● GIVEN INFORMATION
——————————
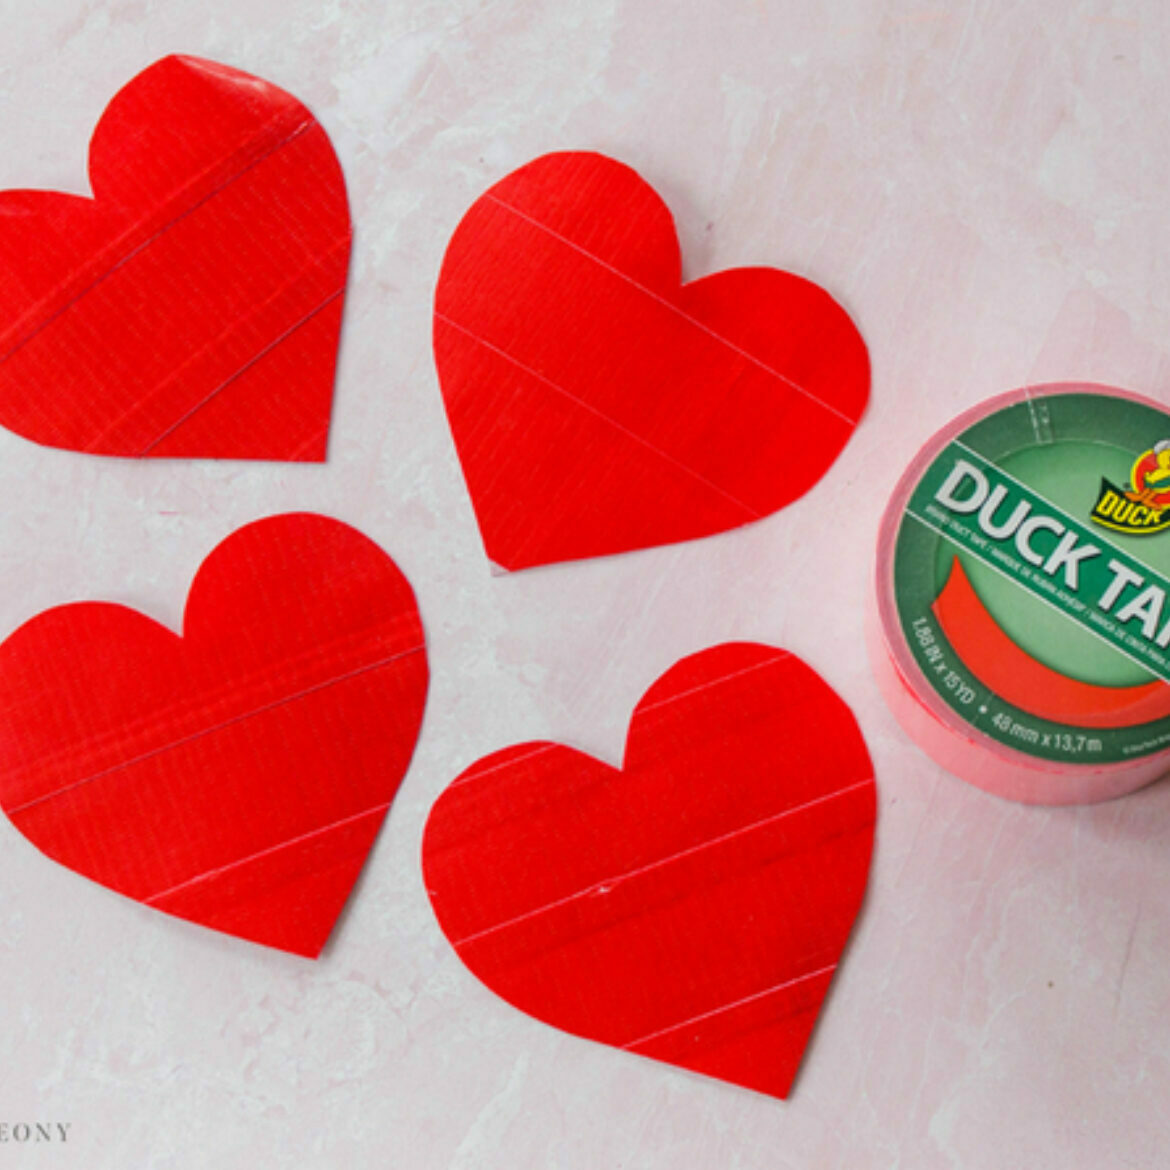 Four duct tape hearts with a roll of red duct tape
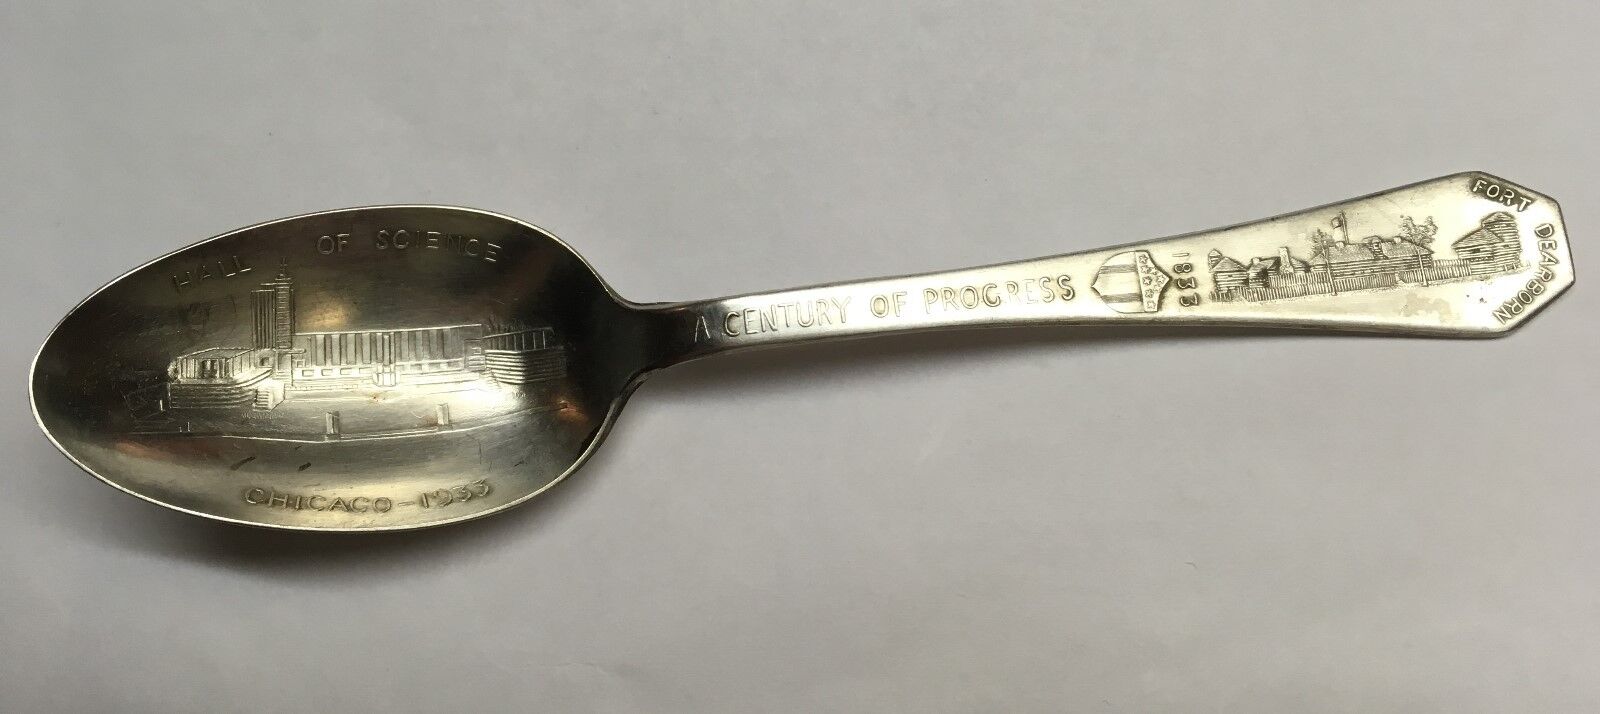 1933 Century of Progress Hall of Science Chicago Fort Dearborn Silverplate Spoon
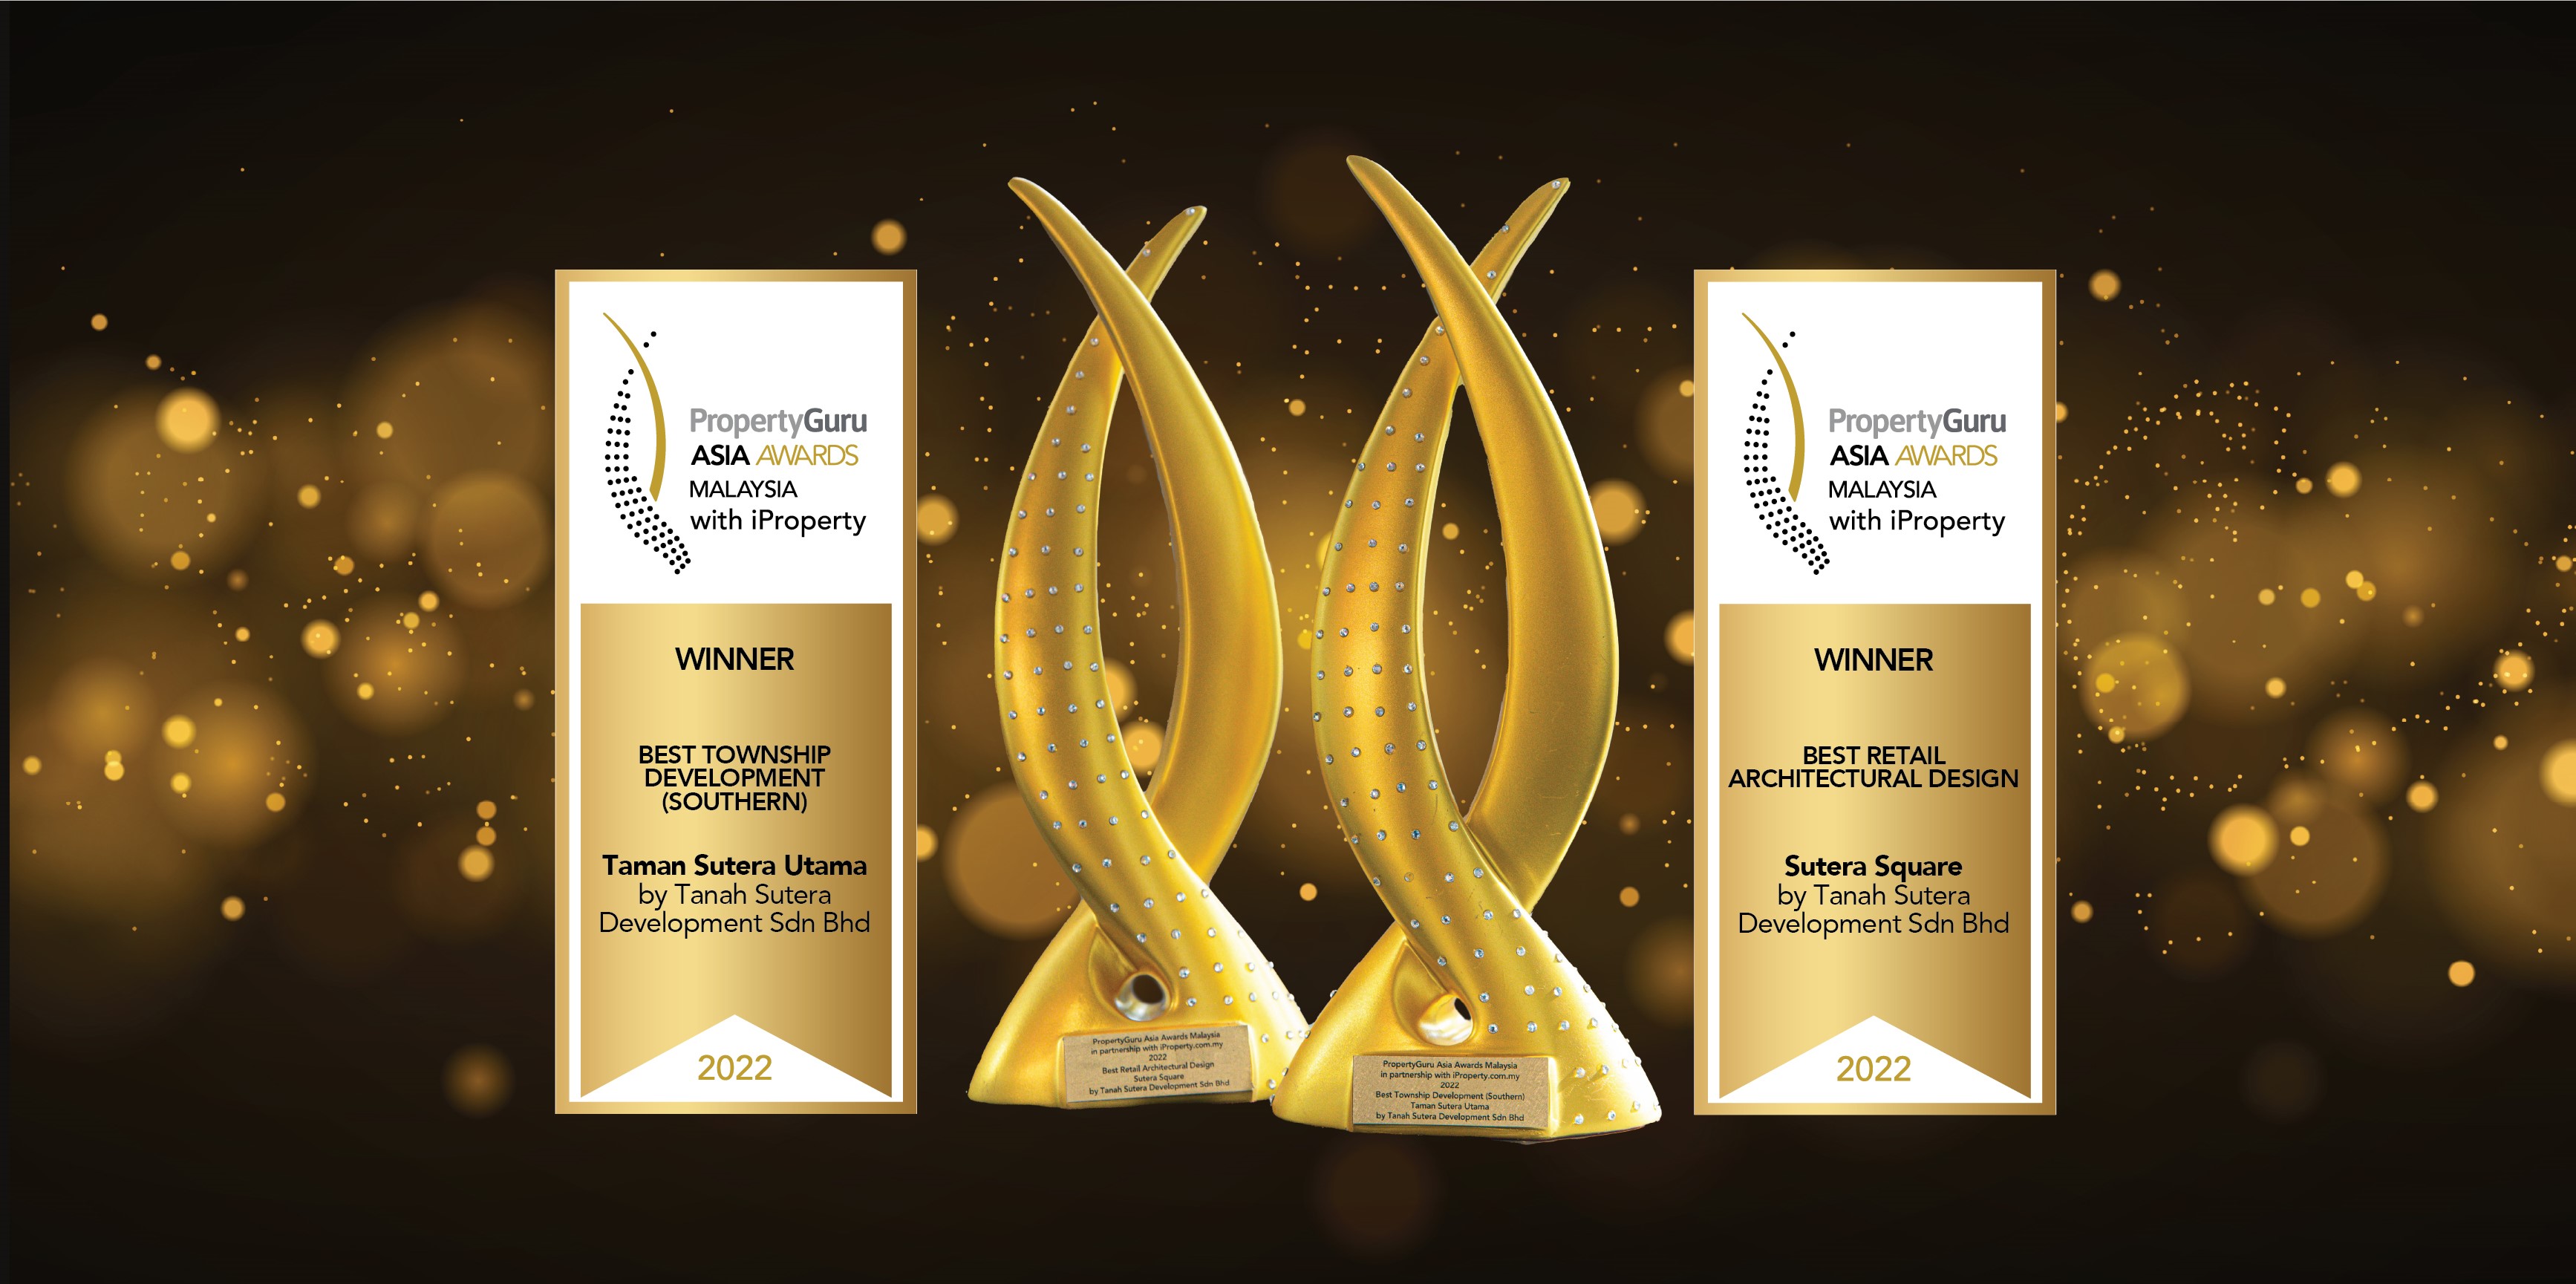 Sutera won the Best Township (Southern) and Best Retail Architectural Design award
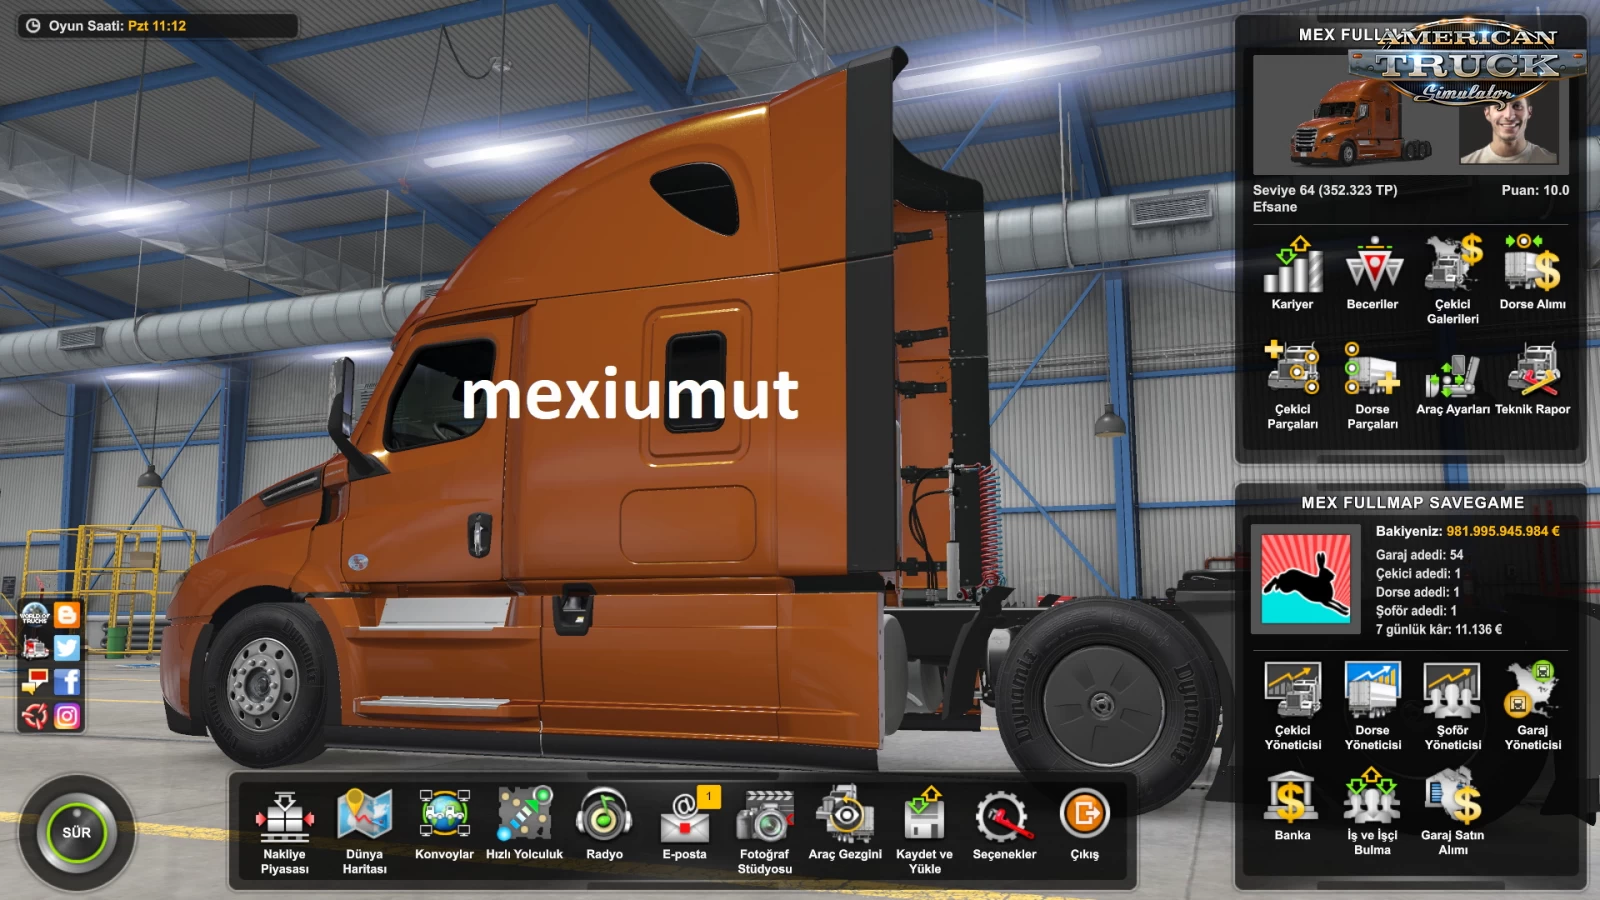 Full Save Game (Full Map DLC) v1.1 by Mexiumut for ATS
——————————
● PROBLEM STATEMENT
Nothing but the lines from the one holding "Sutera won the" through the last line of the listing should appear in the answer, copied exactly and without pictures.

● SOLUTION FOR THIS TASK
 Sutera won the Best Township (Southern) and Best Retail Architectural Design award
 Full Save Game (Full Map DLC) v1.1 by Mexiumut for ATS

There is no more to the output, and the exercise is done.